I’m always happy to get the flavor of enchiladas any way I can get them. Traditional enchiladas are pretty time consuming, so sometimes it’s nice to skip the work and enjoy the flavor of enchilada sauce in a throw-together dinner. I topped our bowls of soup with corn tortilla strips for the full enchilada effect, but you could also use crushed tortilla chips if you prefer. Add a dollop of sour cream on top, and you’re on your way to dinner heaven!
Don’t forget to leave me a comment below to let me know you like this green chicken enchilada soup. I always love hearing from you!Print
- 1 tbsp. olive oil
- 1 sweet onion diced
- 2 large, skin-on chicken breasts
- 2 cloves garlic minced or crushed
- 28 oz. can green enchilada sauce
- 10.5 oz. cream of chicken soup I use the “Heart Healthy” kind
- 14 oz. can reduced-sodium chicken broth
- 2 oz. cans pinto beans drained, 15each
- 1/2 tsp. ground cumin
- 1 c. corn tortillas sliced into short, thin strips OR crushed tortilla chips
- Heat olive oil in a large dutch oven over medium-high heat. Add onion, and saute until tender, about 4 minutes.
- Place chicken breasts skin-side down in the pan with the onions. Cook about 5 minutes to allow the skin to brown a little, and then flip chicken over.

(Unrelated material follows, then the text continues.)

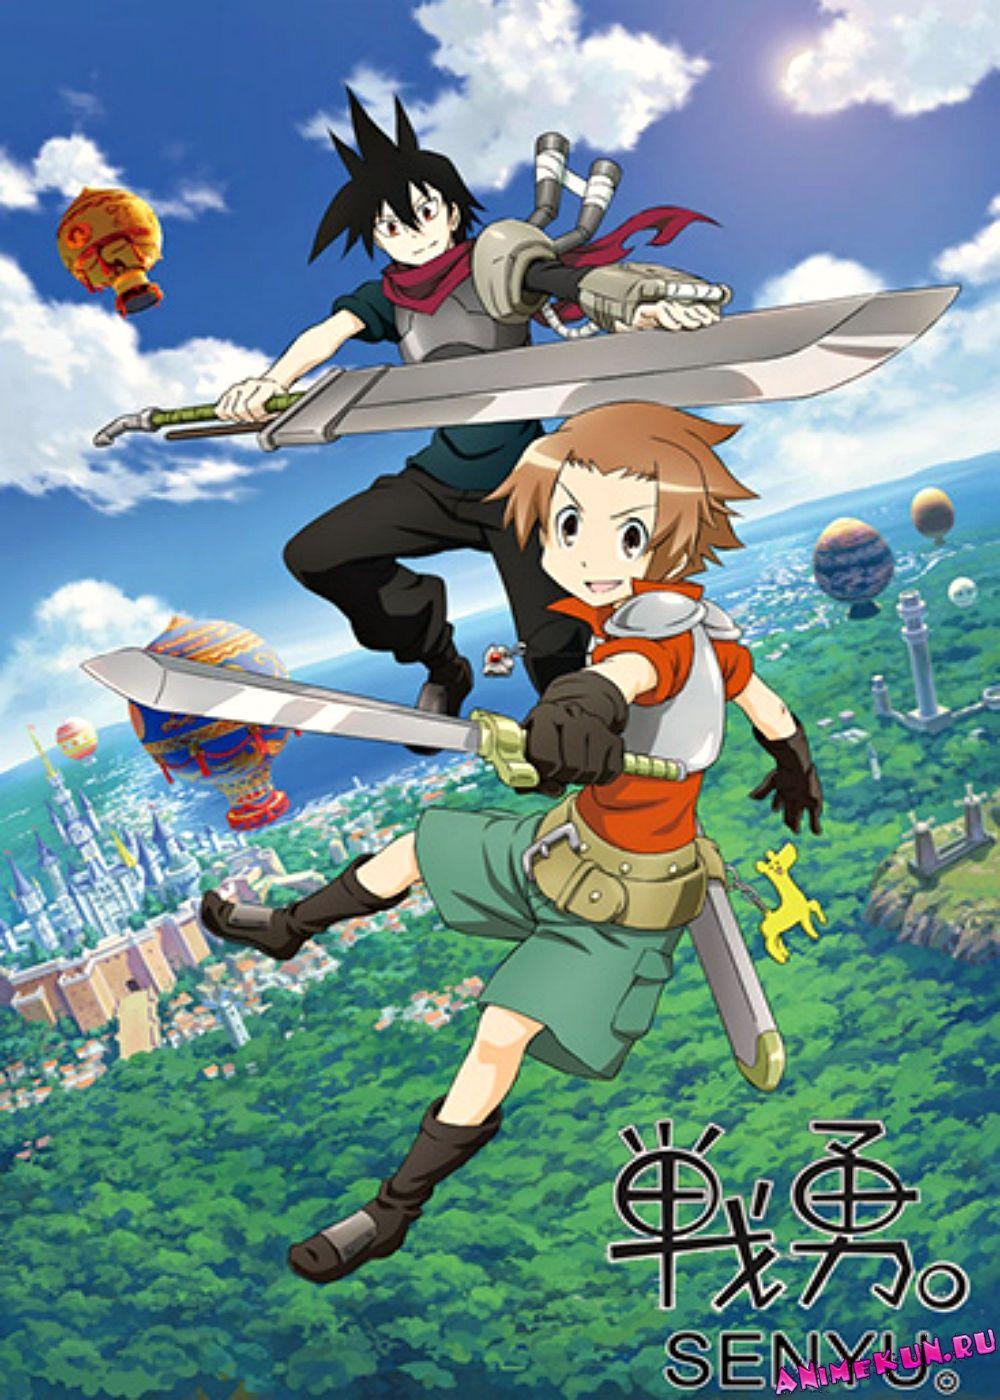 Pin by Bianca on Animes que já assisti Anime canvas

- Stir garlic into the onions and allow to cook for about one minute.
- Pour in enchilada sauce, cream of chicken soup, chicken broth, pinto beans, and cumin. Add about a cup of water (1/2 a small can).
- Stir together a little, but don’t worry if the cream soup is still a bit lumpy at this point. Bring to a simmer.

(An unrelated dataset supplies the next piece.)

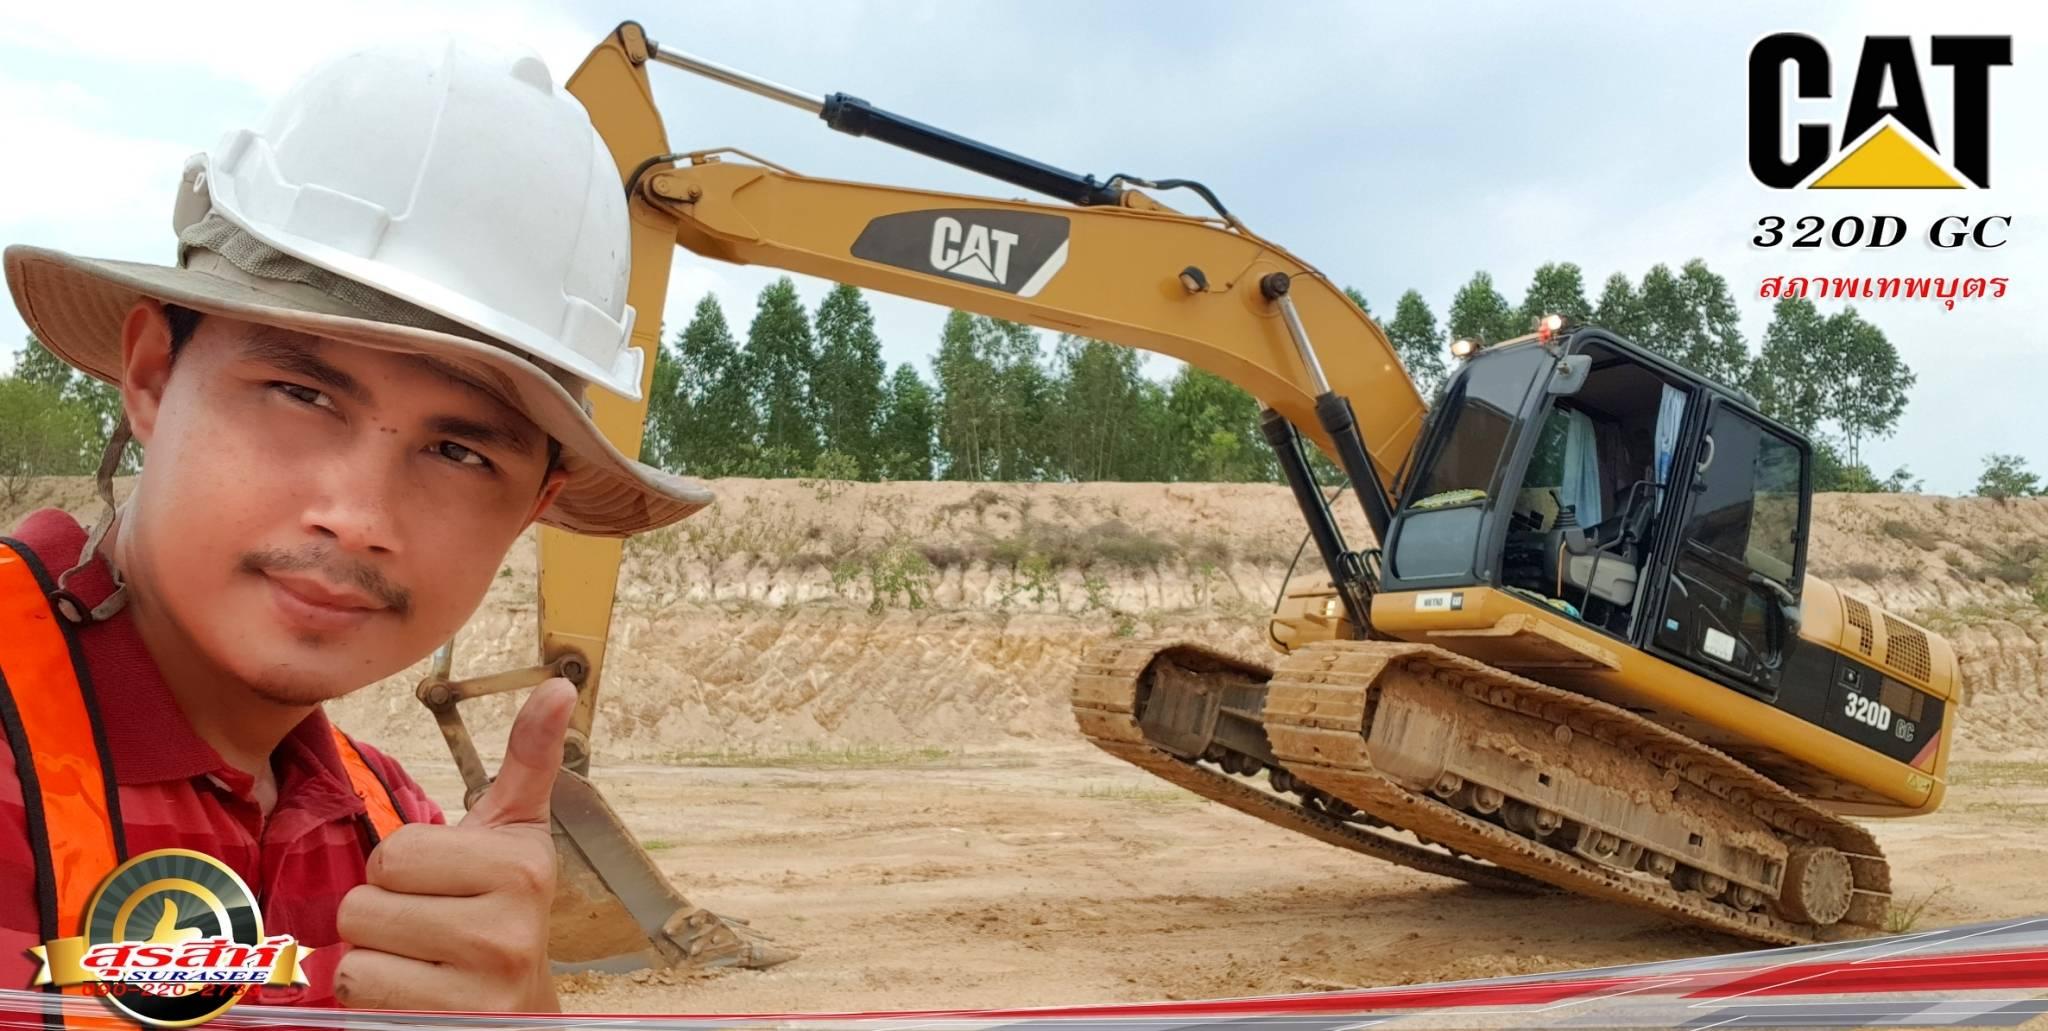 ขายรถแบคโฮ CAT 320D GC ใช้งาน 12,xxx ชั่วโมง สภาพเทพบุตร พร้อมใช้งาน รถยืนบ่อดิน มีการใช้งานและดูแลรักษาดี

- Cover, reduce heat to low, and cook for at least 40 minutes or up to two hours. Check the soup occasionally to be sure it stays at a low simmer.
- Before serving, carefully remove chicken breasts. Peel off skin and discard. Shred meat with two forks, and add it back to the pot. (Be careful to remove all bones from the meat.)
- Return to a low simmer to heat the chicken before serving.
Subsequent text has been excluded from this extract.